Harry n'était pas tout à fait sûr de lui pour autant : son ennemi était très puissant et rien n'était joué. Il savait que quoi qu'il arrive, il réussirait à le mettre à mal. Mais le jeune homme voulait le tuer samedi. Et cela demanderait un grand pouvoir qu'Harry n'était certain de posséder. Il essayerait pourtant… Ou il mourrait. Oui, si dimanche Voldemort n'était pas mort, c'est que lui-même ne serait plus.

Quoi qu'il en soit, et toujours tout à ses pensées, Harry gardait en lui une blessure, petite, presque indolore, discrète, mais qui, bien qu'il ne s'en rendait pas compte, allait en empirant au fil des heures cruelles qui, inlassablement, continuaient de défiler. Meurtri sans le savoir, saignant des larmes qui ne coulaient pas, Harry riait avec Alita.

Cette charmante jeune fille de dix huit ans lui racontait comment son frère lui avait exposé sa théorie selon laquelle il écraserait Voldemort de son pied sans même avoir recours à la magie et comment, après cela, il le transformerai en brosse pour ses toilettes (heu petit aveu : quand j'étais en cinquième, au collège, un gars m'appelait « brosse à chiottes » ça m'a marqué sisi jvous assure jsui traumatisée à vie moi, alors maintenant pour moi c'est la pire insulte qu'on puisse faire donc voilà vous aurez compris pourquoi le frère de lita ve le transformer comme ça et rigolez po c po drôle (regard outré)).

Et il allait manger, et il allait en cours, et il souriait, et il s'entraînait, se dépensait, parlait, dormait. Mais la blessure le déchirait à chaque seconde un peu plus. Le temps peut avoir des griffes acérées pour une personne qui attends désespérément quelque chose… ou quelqu'un.

Deux jours passèrent et Harry allait en cours, la mort dans l'âme, une mort cachée encore, une mort de celles qui ne se dévoilent que lorsqu'on reçoit l'invitation à assister à l'enterrement. Contradictoirement, il se sentait plus puissant que jamais.

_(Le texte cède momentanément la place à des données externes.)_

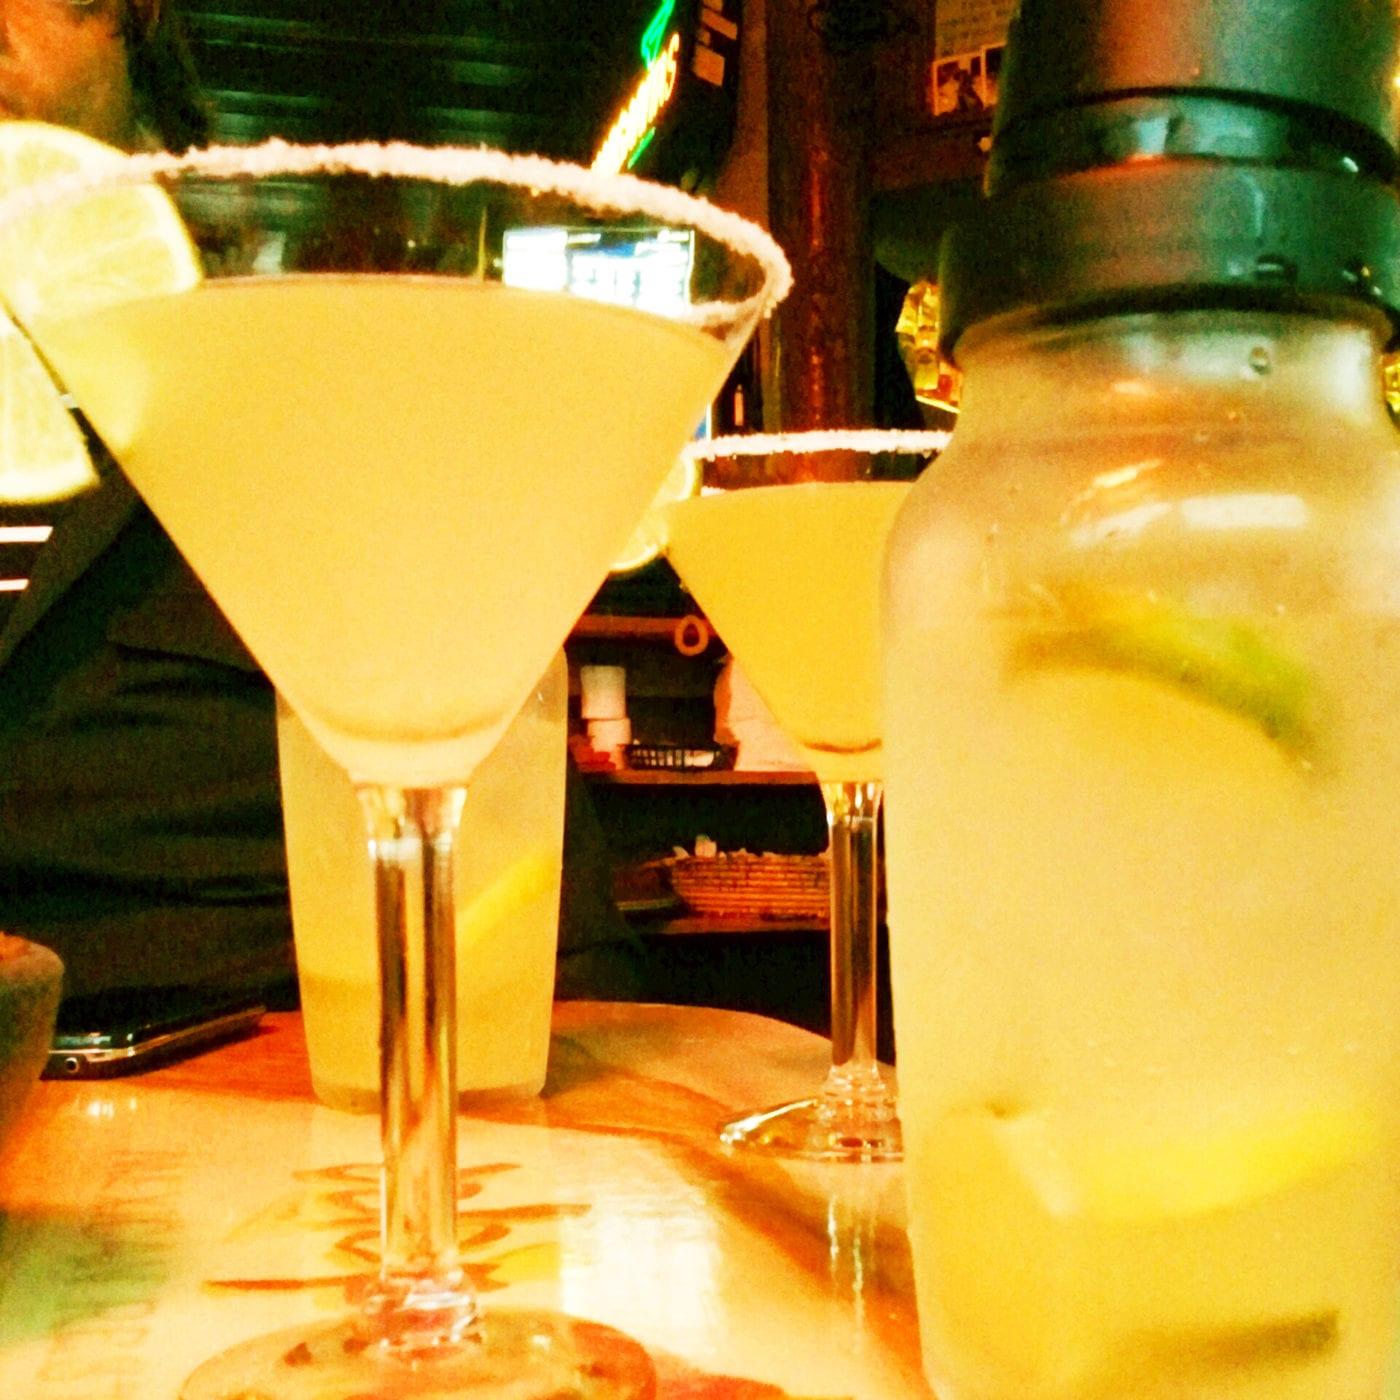 Tequila, Whatcom County spirits, Jalapenos, Bellingham, Margaritas, Tequila Bar, Bellingham's Best Mexican food

Dumbledore ne se montrait plus qu'aux repas, vexé, passant ses journées à chercher un remède à la suppression de ses pouvoirs d'antan. Les élèves n'avaient plus besoin de la sécurité que leur offrait leur directeur avant qu'il ne fût transformé en dromadaire, Harry veillait sur eux. Il était passé de l'état de champion à celui de héro et croyez moi la différence était grande.

Ron, quant à lui, restait à l'écart mais tenait à se battre contre les mangemorts. Pourtant, ne vous y laissez pas prendre : il tenait surtout à montrer à tous qu'il était puissant. Mais laissons de côté ce personnage désolant et attardons nous sur la jeune fille que Harry avait si bien puni de son manque respect pour lui. Hermione, car c'est bien d'elle qu'il s'agit, Hermione avait rejoins pour de bon le rang de soldat du prince des griffondors. La guerre approchait et Harry avait au moins réussi à imposer son autorité sur l'un des sorciers les plus capables de l'école.

Donc, deux jours étaient passés. Nous étions mercredi, il était 17 heures, les élèves sortaient de leur dernier cours de la journée, Harry et Alita comme les autres. Mais lorsque ces deux amis tournèrent dans le couloir où se trouvaient leurs deux chambres, il virent, avec étonnement pour l'une et douleur pour l'autre, que Drago Malfoy se trouvait debout, adossé au mur, un genoux légèrement replié, les mains posées à plat sur la parois, une petite mèche sur le front, le regard fixe et vide. Il était beau cet archange maudit.

- Malfoy, fit simplement Harry d'un ton mi-dégoûté mi-méprisant qui eu un drôle d'effet sur Drago

Il sentit une nouvelle plaie s'ouvrir en lui.

- Potter…

Alita devint soudain grave et s'avança lentement vers Drago, les yeux vides. Elle s'arrêta devant lui et, sans paraître remarquer le plissement des yeux du blond, elle toucha du bout des doigts son épaule gauche. Elle fronça alors les sourcils et regarda enfin le serpentard dans les yeux.

- Les guerriers d'Amédée nous aiderons, n'est-ce pas ?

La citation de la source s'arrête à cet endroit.